In the entries below, which lines run from the one with "Unikko Duvet Cover By Marimekko In The Shop" through the one with "Human Body Bone"? Repeat exactly those, both included, and no pictures.

**** Entries supplied ****

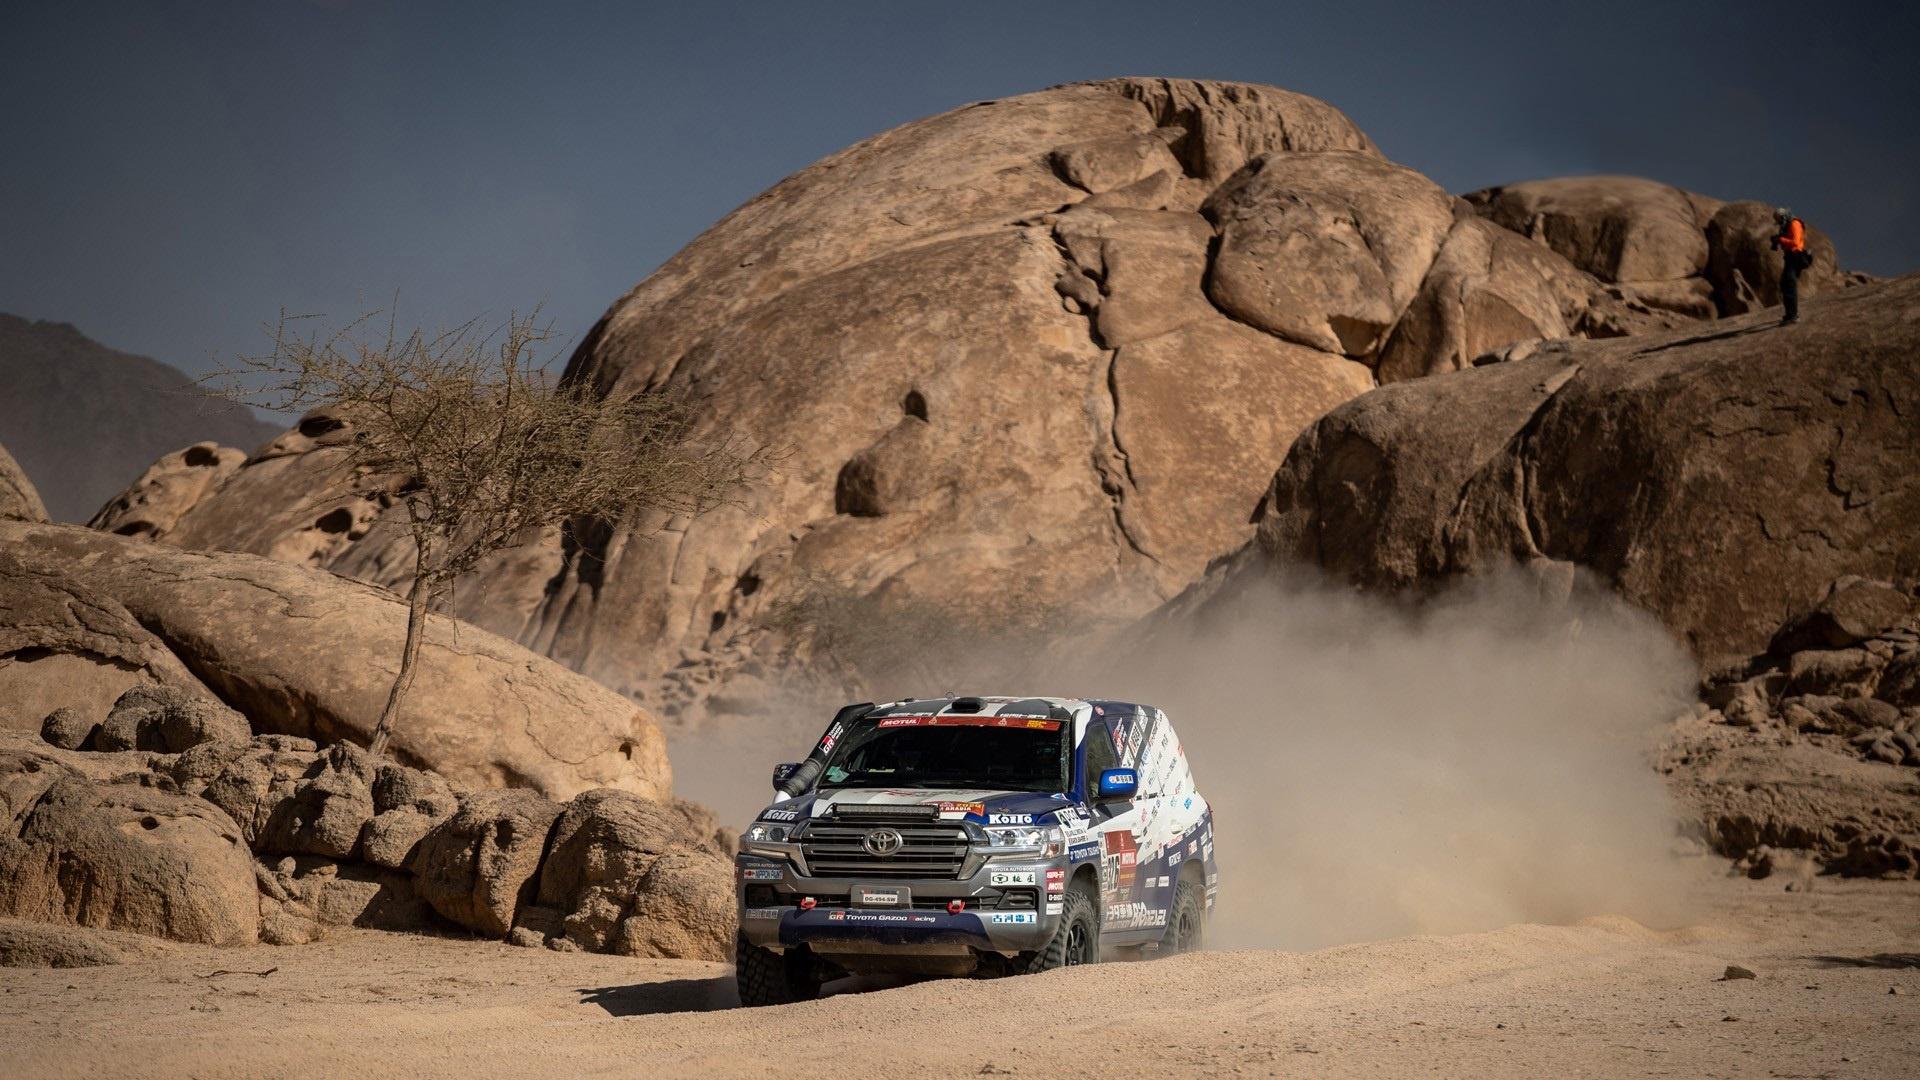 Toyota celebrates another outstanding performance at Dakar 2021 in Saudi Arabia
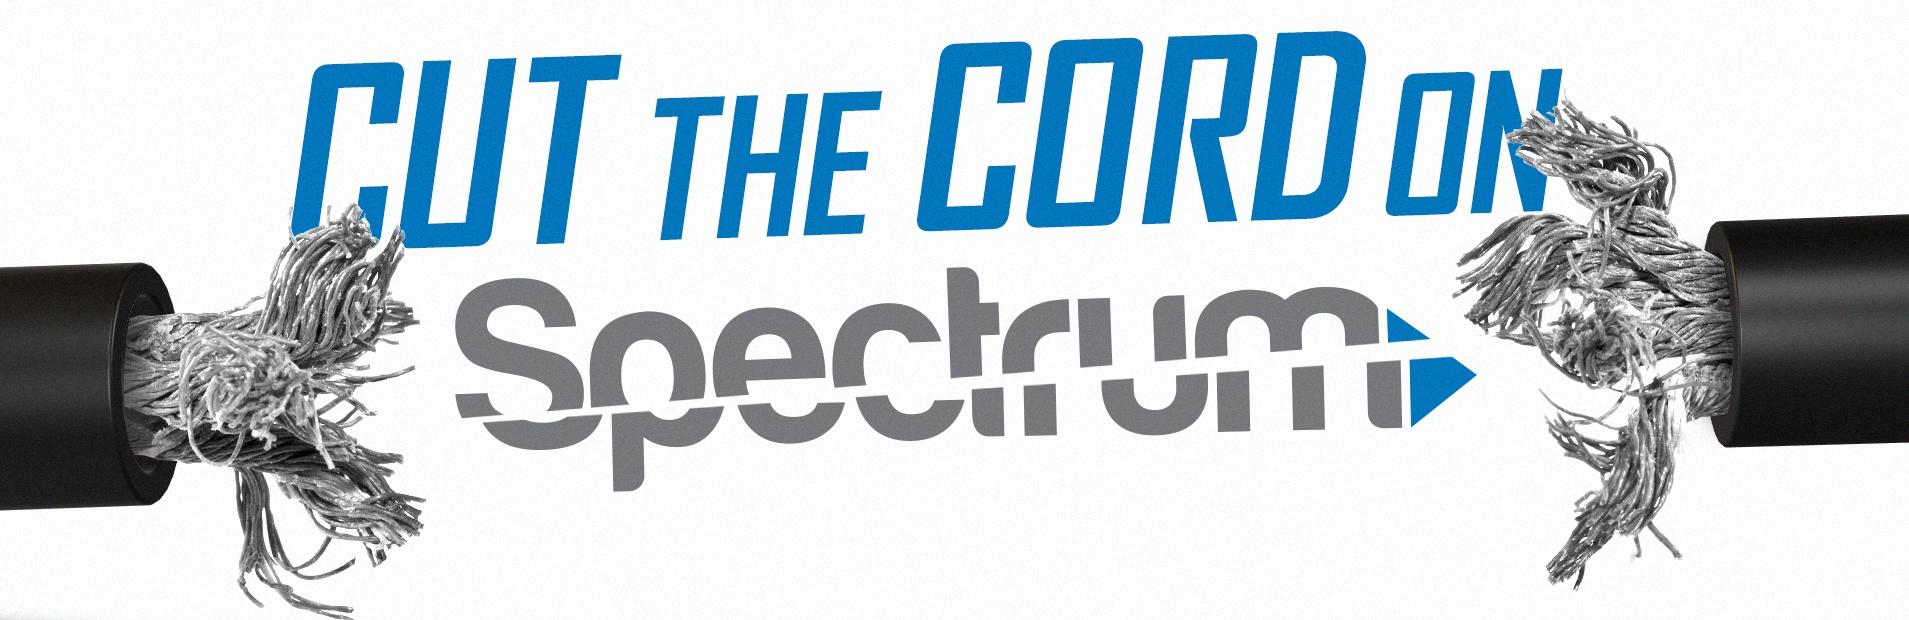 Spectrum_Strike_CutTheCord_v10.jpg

****
**** Entries supplied ****

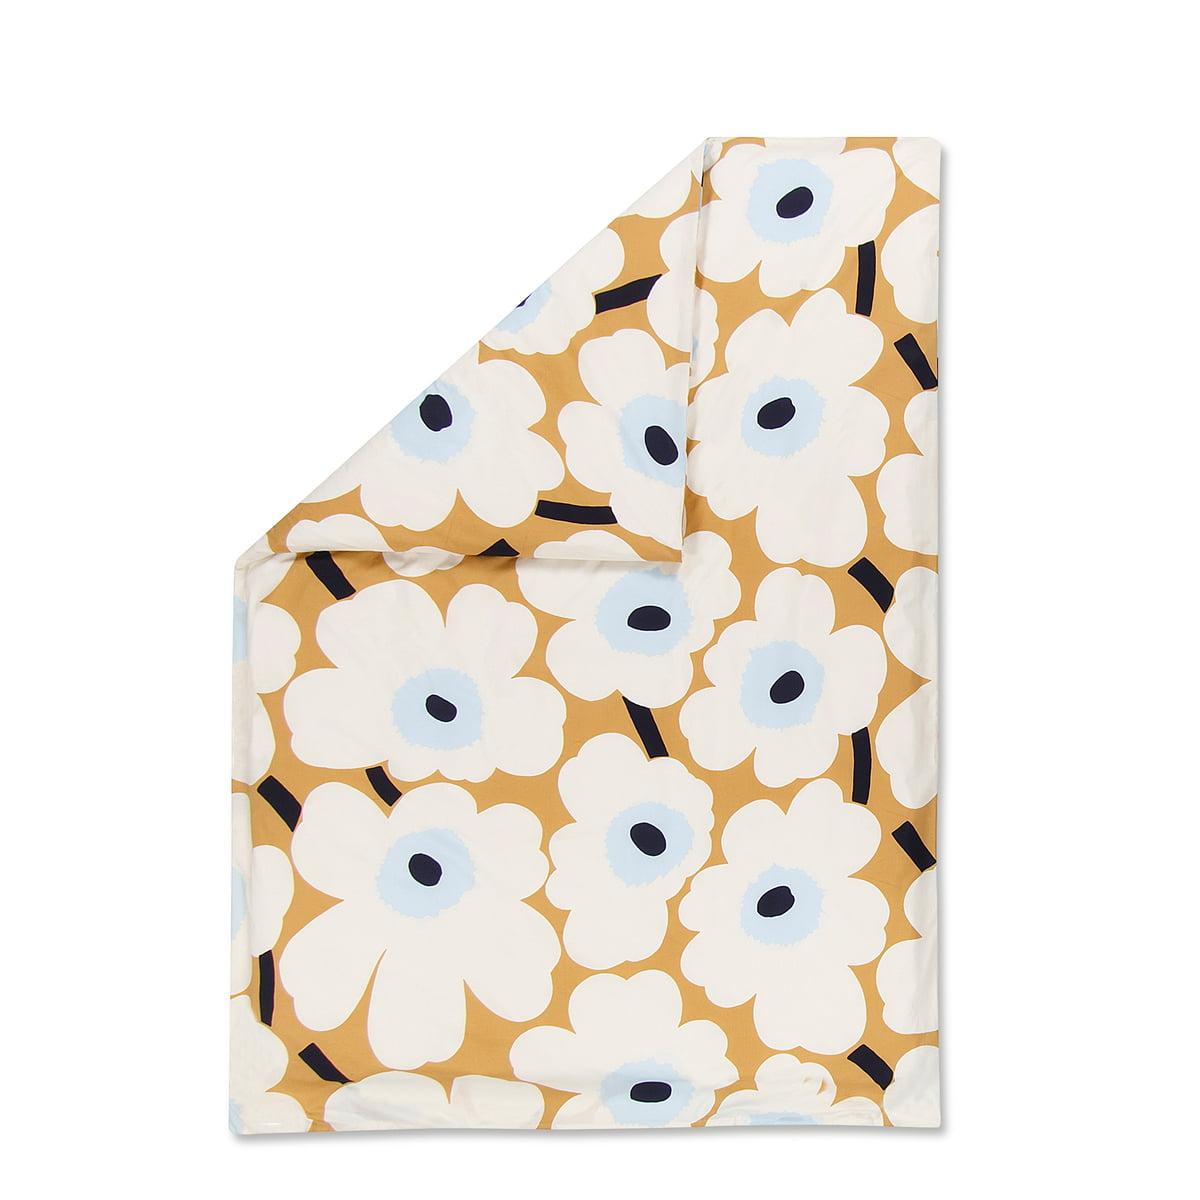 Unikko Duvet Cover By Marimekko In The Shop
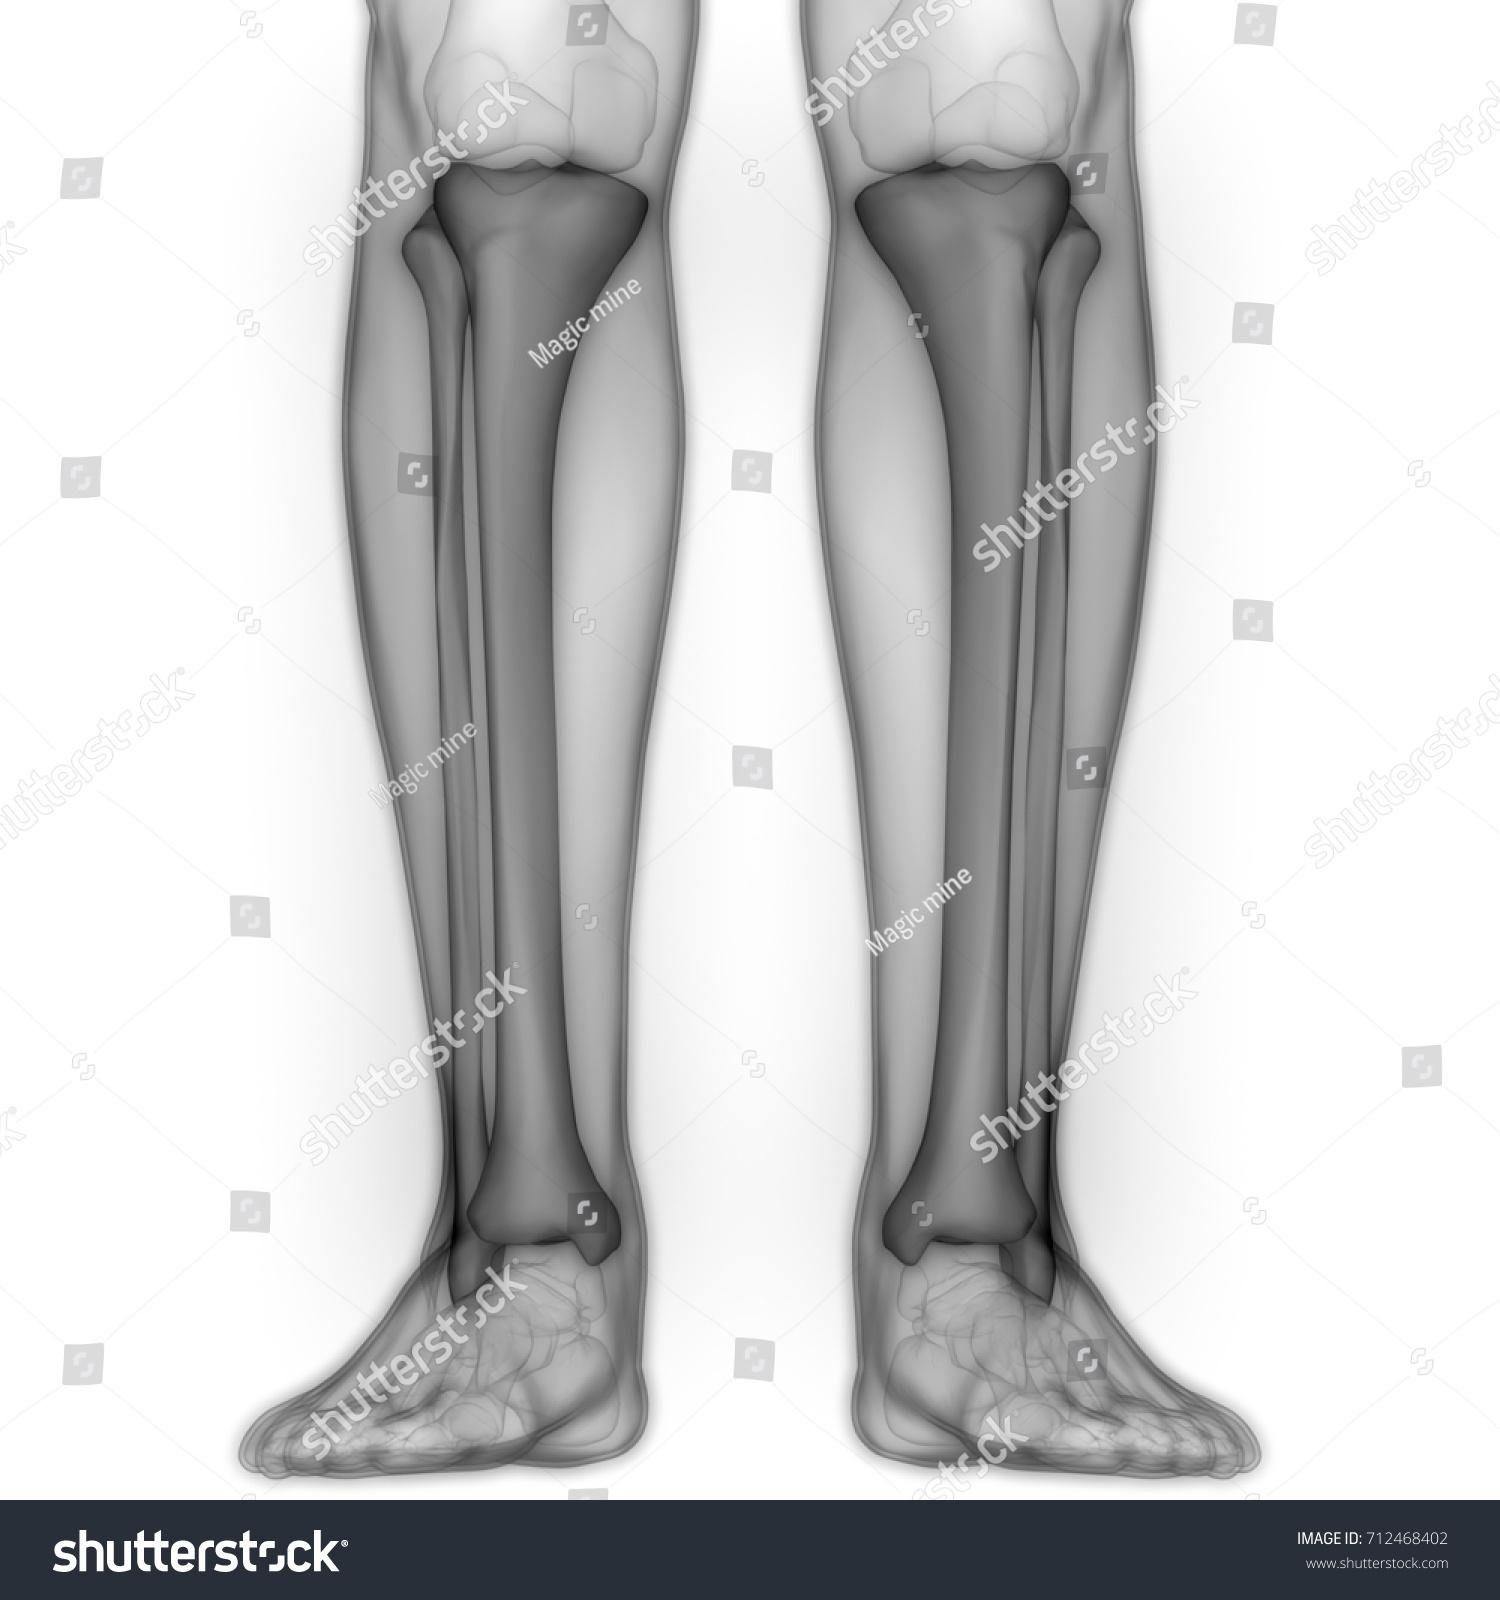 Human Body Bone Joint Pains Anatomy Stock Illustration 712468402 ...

****
**** Entries supplied ****

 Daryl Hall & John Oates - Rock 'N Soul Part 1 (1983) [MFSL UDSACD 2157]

****

Output of the task
 Unikko Duvet Cover By Marimekko In The Shop
 Human Body Bone Joint Pains Anatomy Stock Illustration 712468402 ...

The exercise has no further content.